Nevertheless, many fundamental difficulties with the RNA-world scenario have emerged. First, synthesizing (and/or maintaining) many essential building blocks of RNA molecules under realistic conditions has proven either difficult or impossible (Shapiro 1999, 4396-401). Second, naturally occurring RNA possesses very few of the specific enzymatic properties of proteins necessary to extant cells. Indeed, RNA catalysts do not function as true enzyme catalysts. Enzymes are capable of coupling energetically favorable and energetically unfavorable reactions together. RNA catalysts, so-called “ribozymes,” are not. Third, RNA-world advocates offer no plausible explanation for how primitive RNA replicators might have evolved into modern cells that do rely almost exclusively on proteins to process and translate genetic information and regulate metabolism (Wolf and Koonin 2007, 14). Fourth, attempts to enhance the limited catalytic properties of RNA molecules in so-called ribozyme engineering experiments have inevitably required extensive investigator manipulation, thus simulating, if anything, the need for intelligent design, not the efficacy of an undirected chemical evolutionary process.
Most importantly for our present considerations, the RNA-world hypothesis presupposes, but does not explain, the origin of sequence specificity or information in the original functional RNA molecules. Indeed, the RNA-world scenario was proposed as an explanation for the functional interdependence problem, not the information problem. Even so, some RNA-world advocates seem to envision leapfrogging the sequence-specificity problem. They imagine sections of RNA arising by chance on the pre-biotic earth and then later acquiring an ability to make copies of themselves – that is, to self-replicate. In such a scenario, the capacity to self-replicate would favor the survival of those RNA molecules that could do so and would thus favor the specific sequences that the first self-replicating molecules happened to have.

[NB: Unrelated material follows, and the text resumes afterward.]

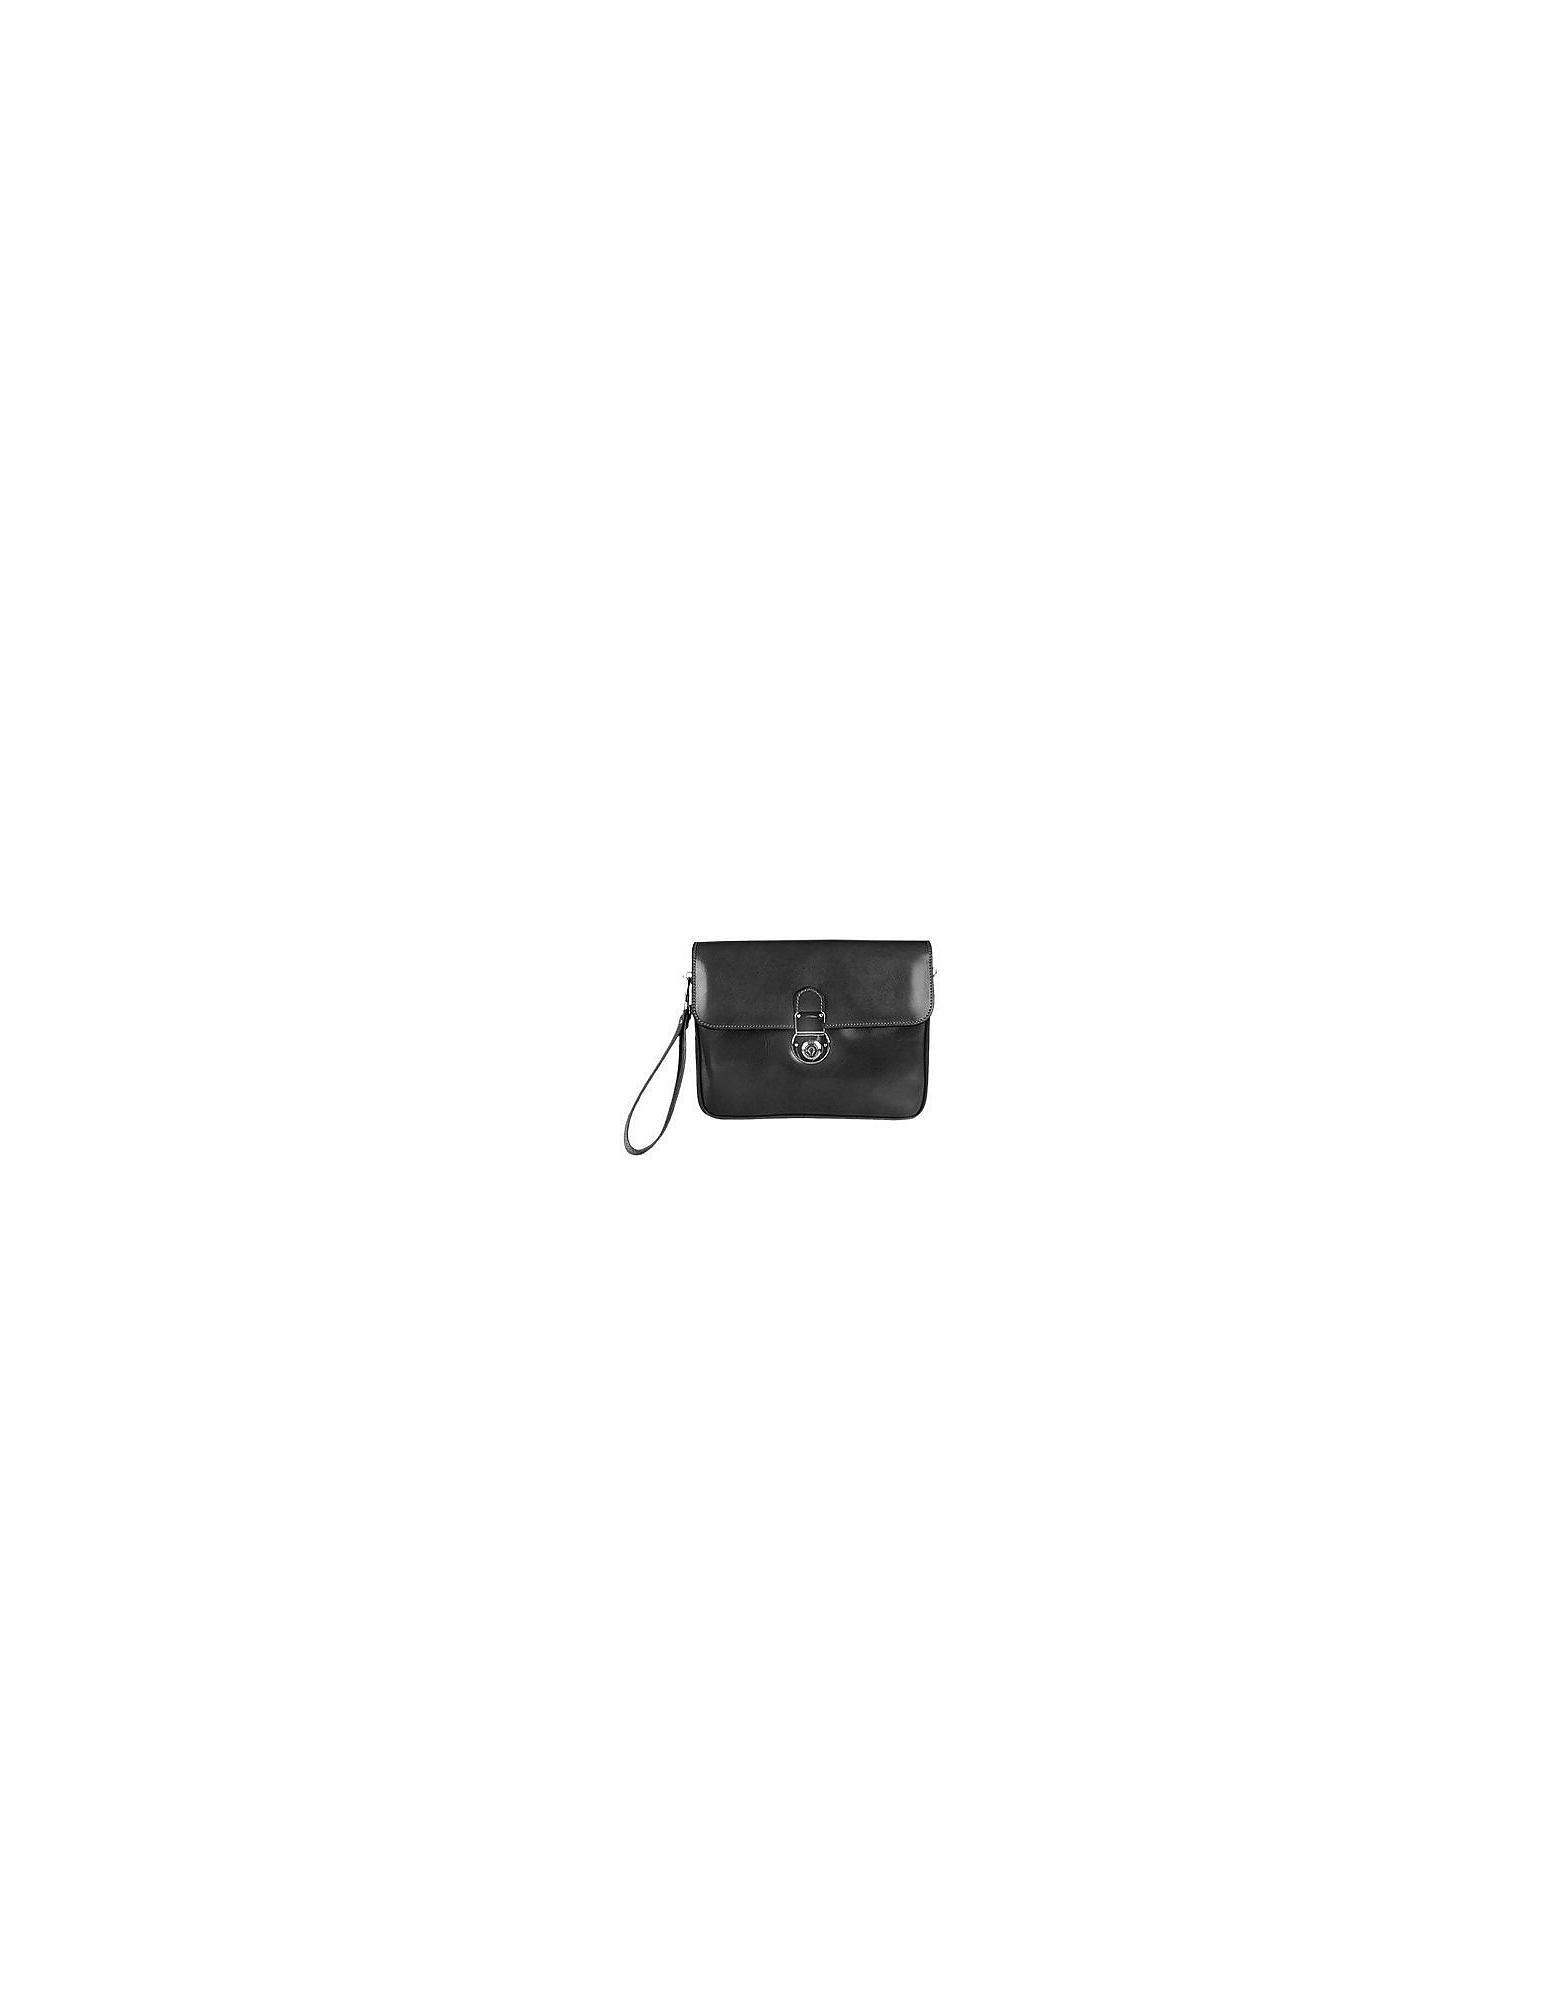 L.A.P.A. Briefcases, Men's Genuine Leather Clutch

This suggestion merely shifts the information problem out of view, however. To date scientist have been able to design RNA catalysts that will copy only about 10% of themselves (Johnston et al. 2001, 1319-25). For strands of RNA to perform even this limited replicase (self-replication) function, however, they must, like proteins, have very specific arrangements of constituent building blocks (nucleotides in the RNA case). Further, the strands must be long enough to fold into complex three-dimensional shapes (to form so-called tertiary structures). Thus, any RNA molecule capable of even limited function must have possessed considerable (specified) information content. Yet explaining how the building blocks of RNA arranged themselves into functionally specified sequences has proven no easier than explaining how the constituent parts of DNA might have done so, especially given the high probability of destructive cross-reactions between desirable and undesirable molecules in any realistic pre-biotic soup. As de Duve (1995b, 23) has noted in a critique of the RNA-world hypothesis, “hitching the components together in the right manner raises additional problems of such magnitude that no one has yet attempted to do so in a prebiotic context.”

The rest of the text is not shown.